Treibt die Krise die Selbstmordrate nach oben? Auf Spurensuche

Ein Gespenst geht um

d'Lëtzebuerger Land du 29.06.2012

„Ich verstehe die Sorgen, aber kann nicht mehr dazu sagen.“ „Das ist ganz schwierig.“ „Wir haben noch nichts gehört, aber das muss nicht unbedingt etwas heißen.“  Die Aussagen stammen von unterschiedlichen Personen – von Roger Consbruck der den Gesundheitsminister berät, über Guy Weber, im selben Ministerium für Daten zuständig, bis hin zu Laura Zuccoli, Präsidentin der Ausländerorganisation Asti – und beziehen sich auf die Frage, ob und wie sich die Krise an Luxemburgs Sterberate bemerkbar mache. Aus den Reihen der Polizei stammte der Wink, die Wirtschaftsflaute lasse sich womöglich auch in Luxemburg an der Zahl der versuchten oder vollendeten Selbsttötungen ablesen.

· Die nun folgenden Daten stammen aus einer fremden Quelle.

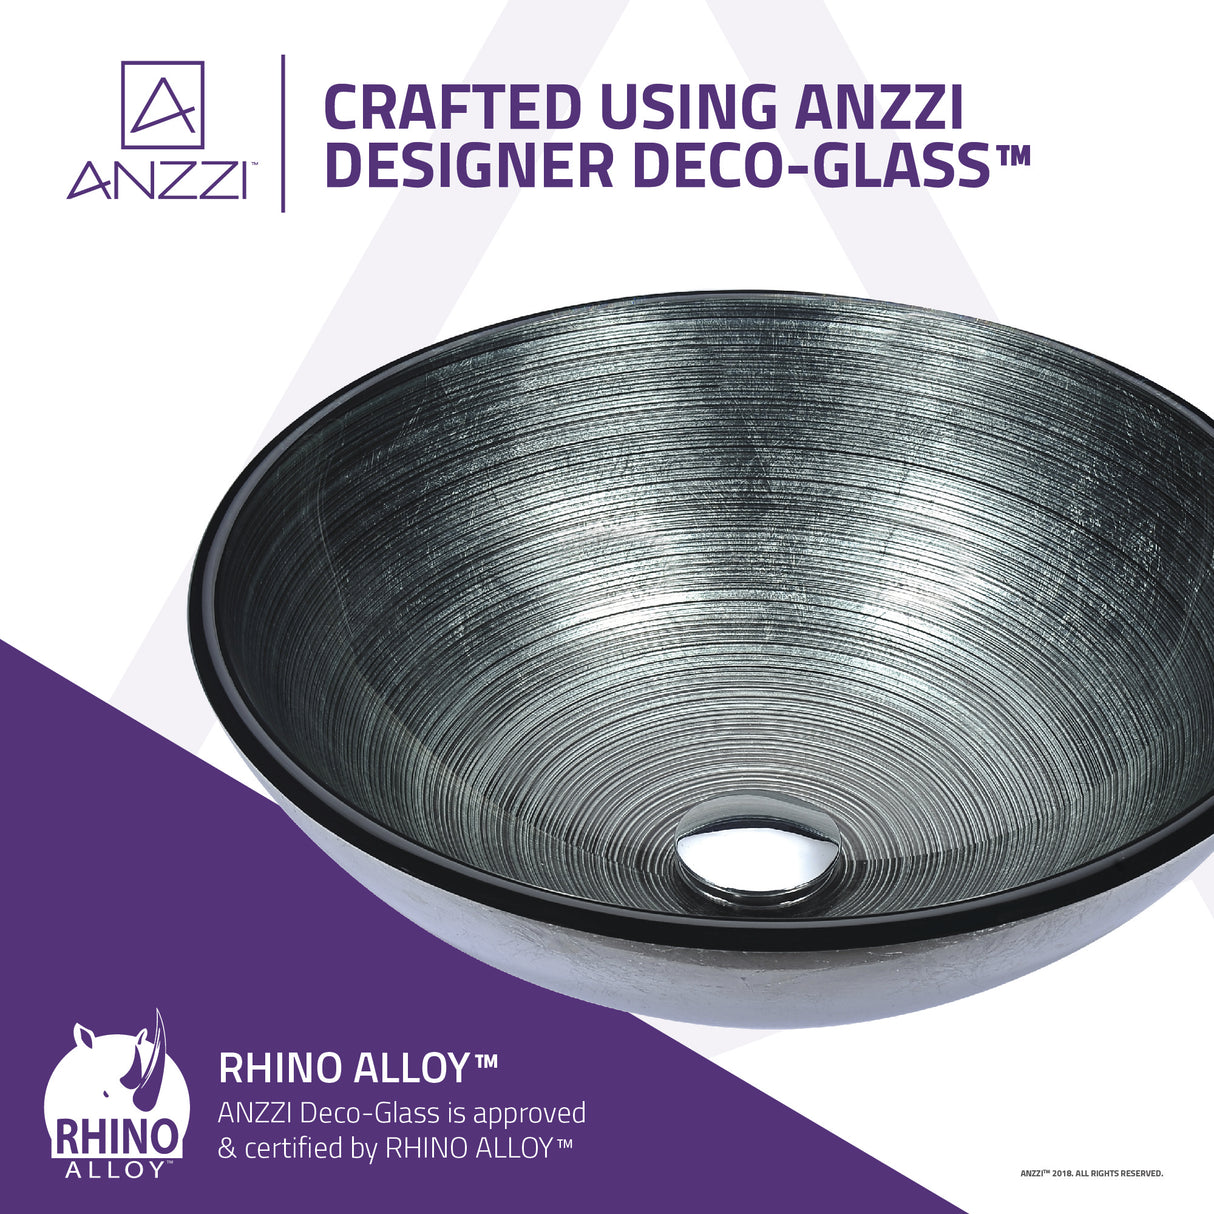 ANZZI LS-AZ285 Posh Series Deco-Glass Vessel Sink in Brushed Silver

Dass sich seit Ausbruch der Euro-Schuldenkrise die Selbstmorde häufen, prägt seit Frühjahr die Schlagzeilen vieler Zeitungen. Vor allem in Italien und Griechenland wissen Handwerker, Arbeitslose, Unternehmer und Rentner oft keinen anderen Ausweg mehr. In Sardinien hatte ein kleiner Bauunternehmer die Pistole gegen sich selbst gerichtet – nachdem er die eigenen Söhne entlassen musste. In Griechenland sorgte der Tod eines 77-Jährigen, der sich mit den Worten „Ich habe Schulden, ich halte das nicht mehr aus“ vor dem Athener Parlament erschoss, für erhebliche Betroffenheit – und führte zu schweren Ausschreitungen.

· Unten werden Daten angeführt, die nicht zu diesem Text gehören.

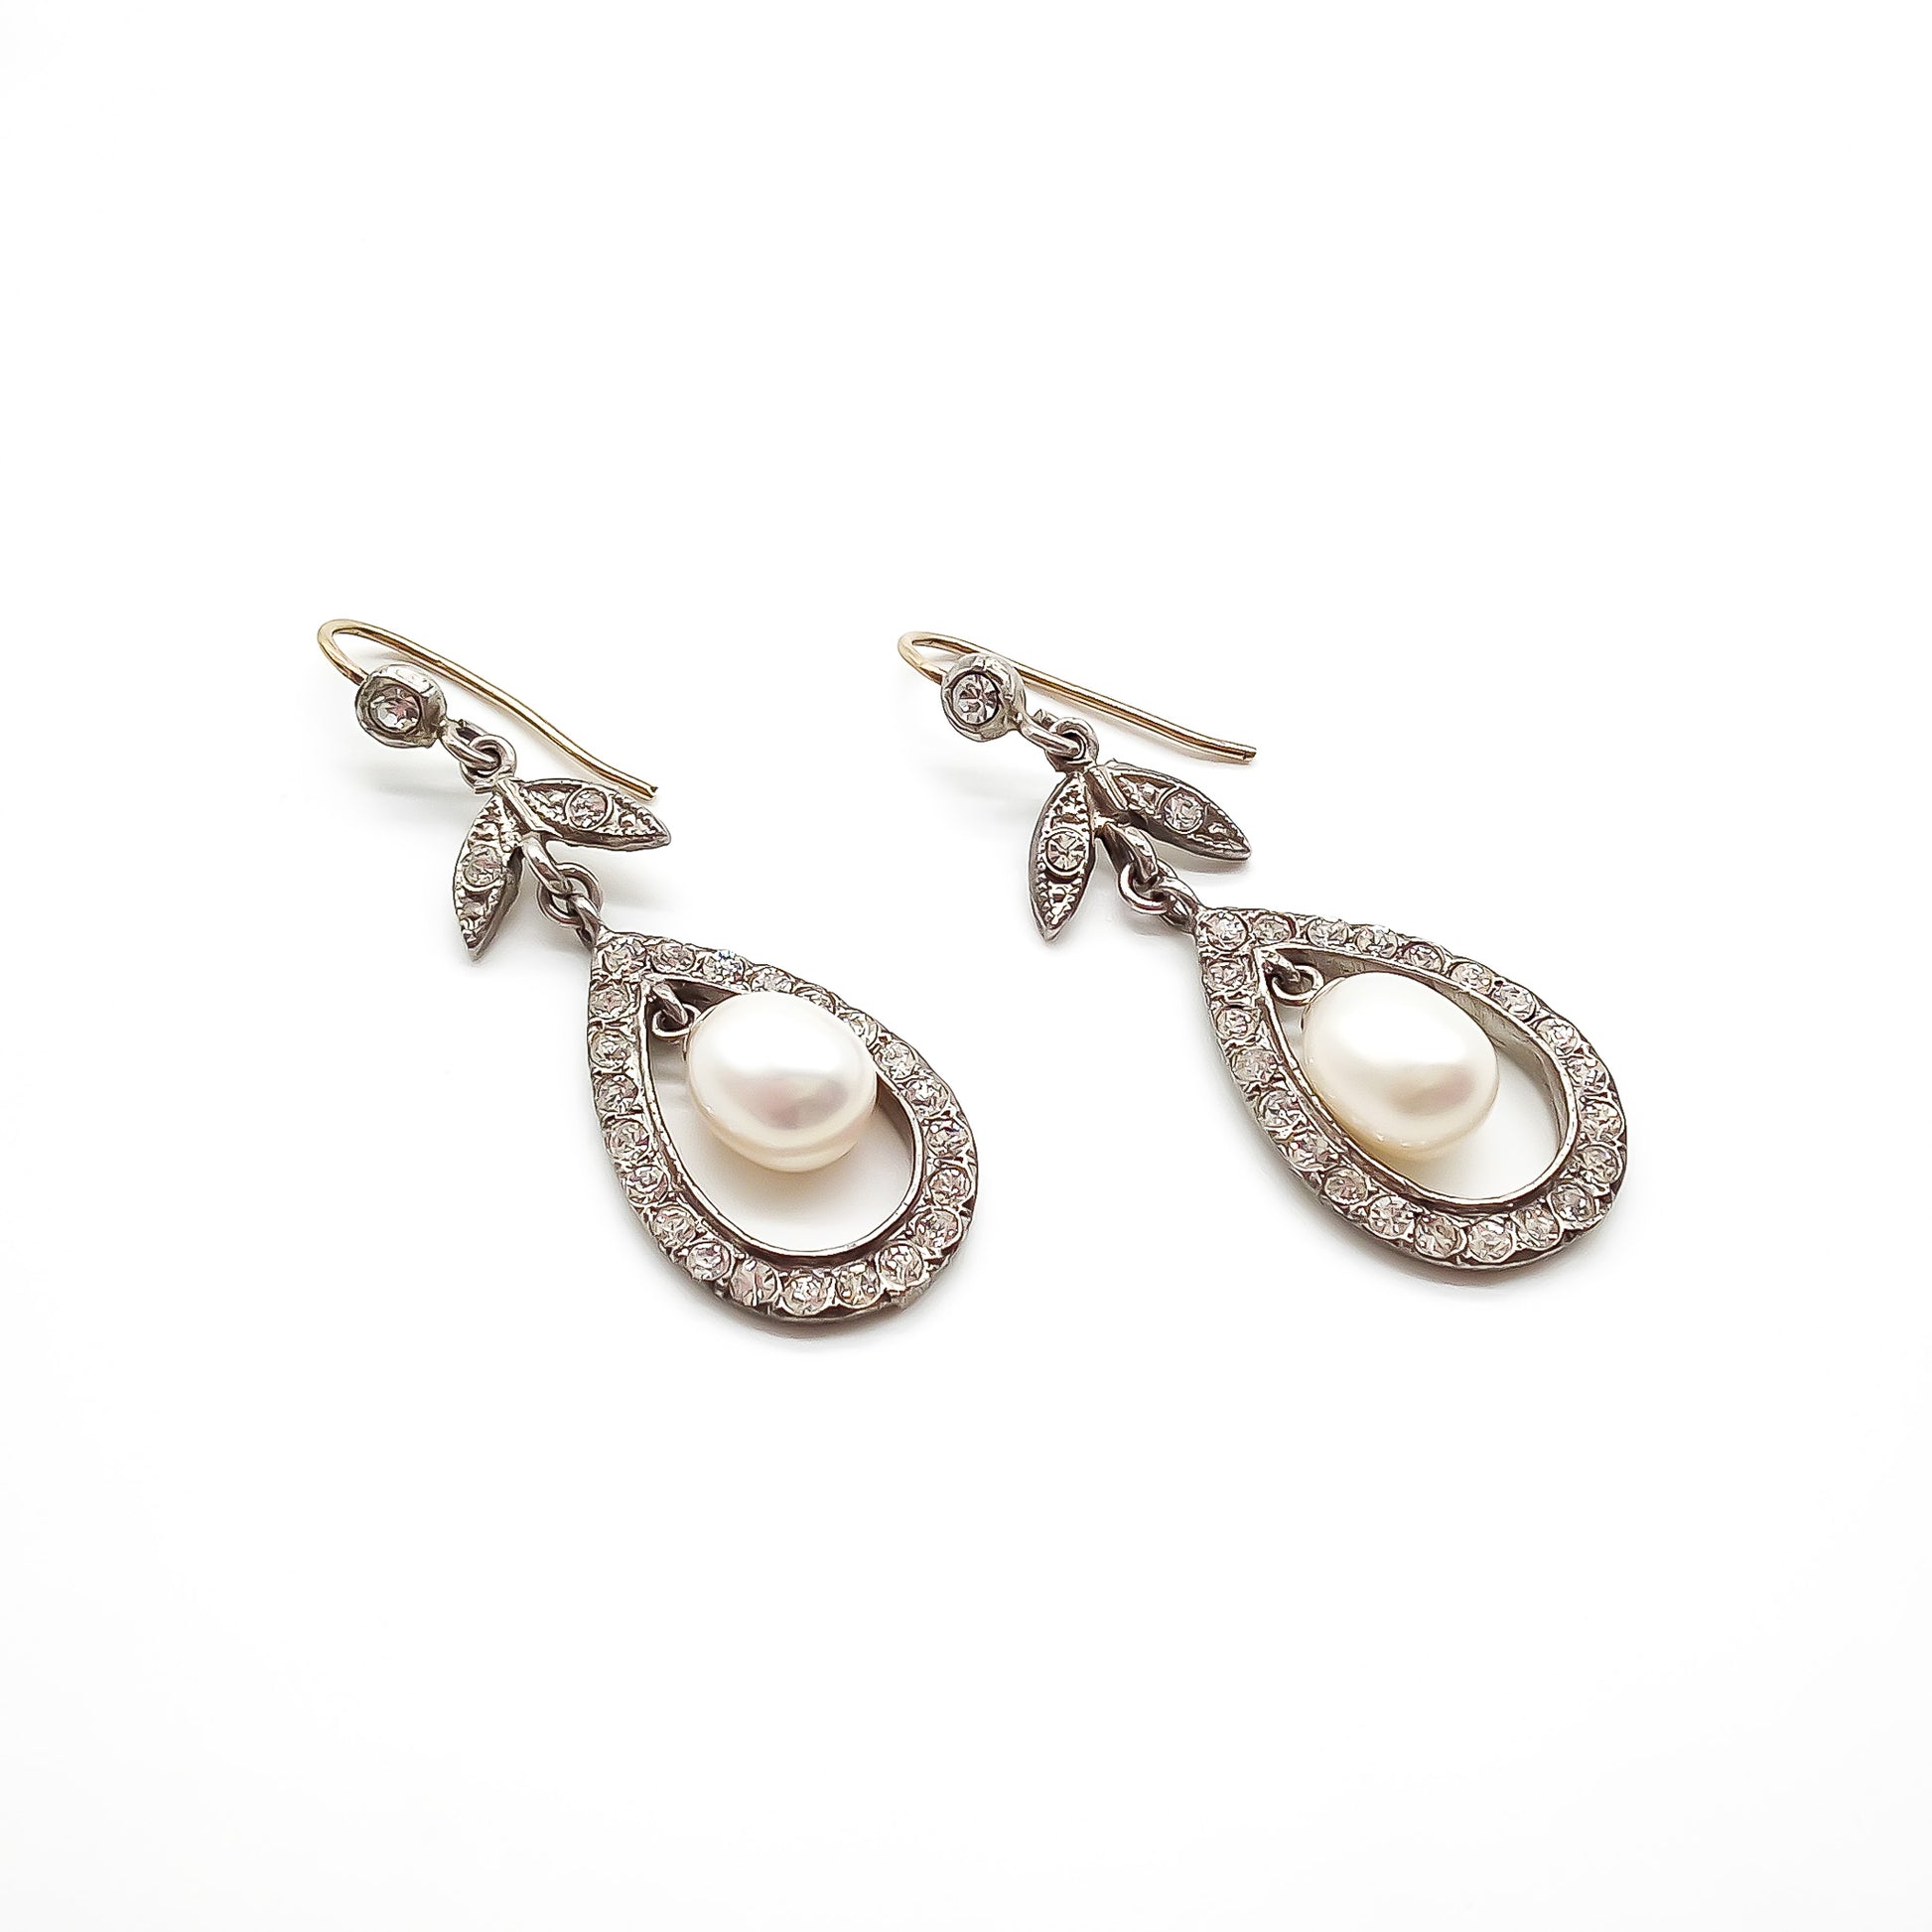 Glamorous vintage sterling silver chandelier paste earrings with dangling pearl drops.

Seit Beginn der Krise im Jahr 2007-2008 sind die Selbstmordraten in Südeuropa gestiegen. Die genauen Zahlen zu erfassen ist schwierig, weil offizielle Statistiken hinterherhinken und Selbsttötungen wegen fehlender Gewissheit, aus Scham oder anderen Gründen nicht immer als solche deklariert werden. In der Eurostat-Statistik für 2010 fehlen ausgerechnet die Sterberaten von Südländern wie Italien oder Griechenland. Anhaltspunkte dafür, dass die anhaltende Wirtschaftskrise immer mehr Menschen verzweifeln lässt, gibt es aber genügend. Griechenland galt lange als das Land in Europa mit den niedrigsten Selbstmordraten – bis das Gesundheitsministerium in Athen kürzlich einen Anstieg um 40 Prozent der Selbstmordtoten zwischen Januar und Mai im Vergleich zum Vorjahr verzeichnete.

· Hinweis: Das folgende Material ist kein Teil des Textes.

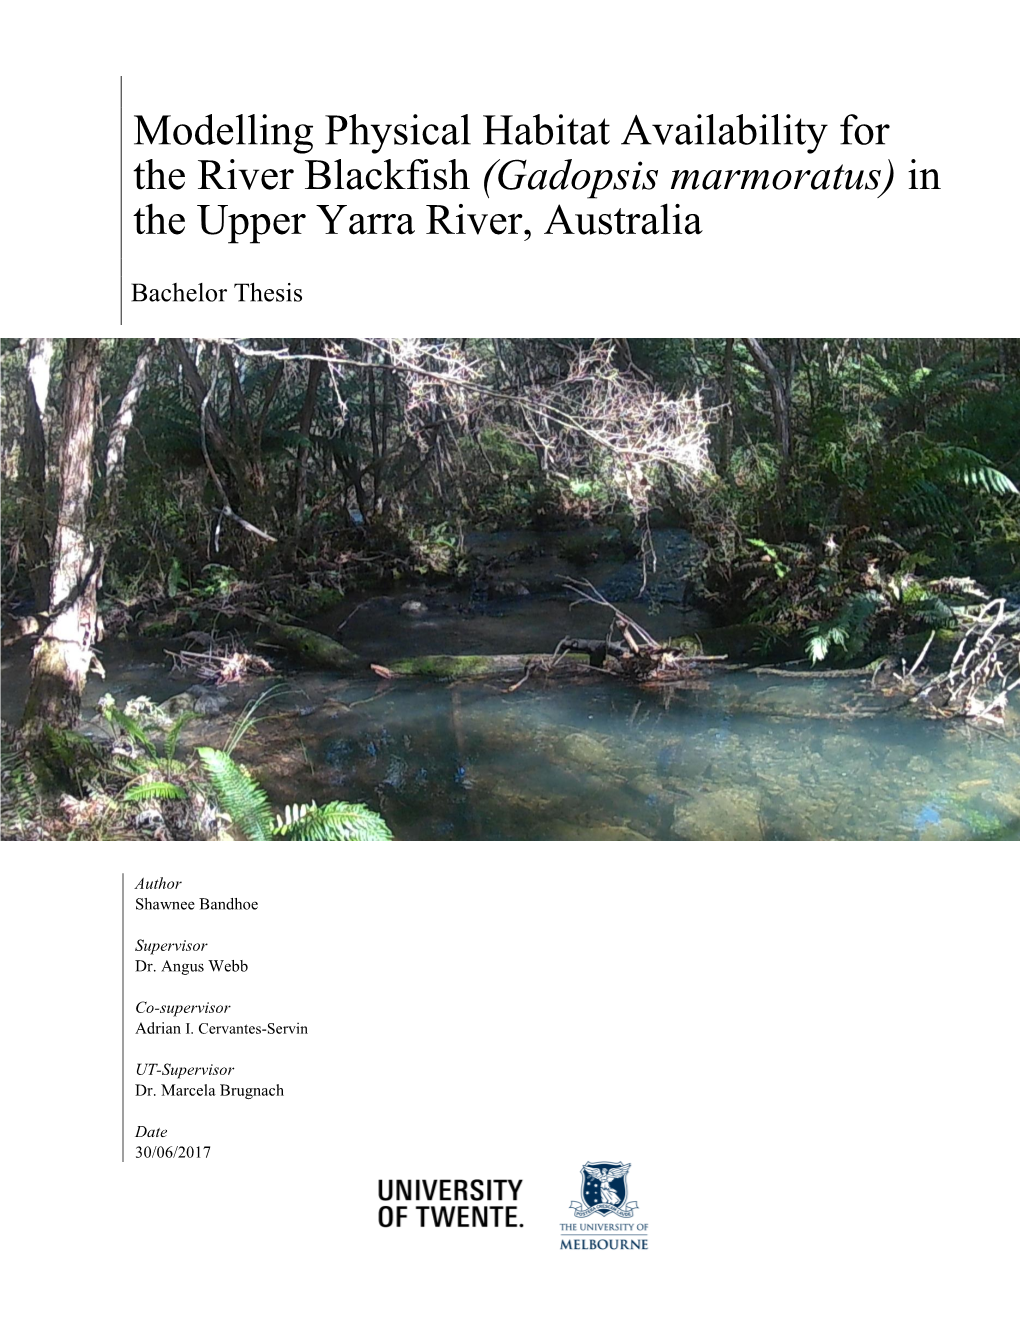 Physical Habitat Simulation of the River Blackfish (Gadopsis

Britische Wissenschaftler verglichen 2011 in einer im Gesundheitsmagazin The Lancet veröffentlichten Studie die Entwicklung von Arbeitslosigkeit in Europa mit nationalen Sterberaten. Obwohl in den alten wie in den neuen EU-Ländern sich die Bankenkrise erst nach 2009 in Form von Massenentlassungen bemerkbar machte, wirkte sich der Crash prompt auf die Zahl der Selbstmorde aus: Von zehn untersuchten Ländern (die EU-Statistiken hinkten auch auf EU-Niveau hinterher) betrug, mit Ausnahme von Österreich, der Anstieg zwischen 2007 und 2009 mindestens fünf Prozent; in manchen lag er sogar, je nach Altersgruppe, bei bis zu 35 Prozent.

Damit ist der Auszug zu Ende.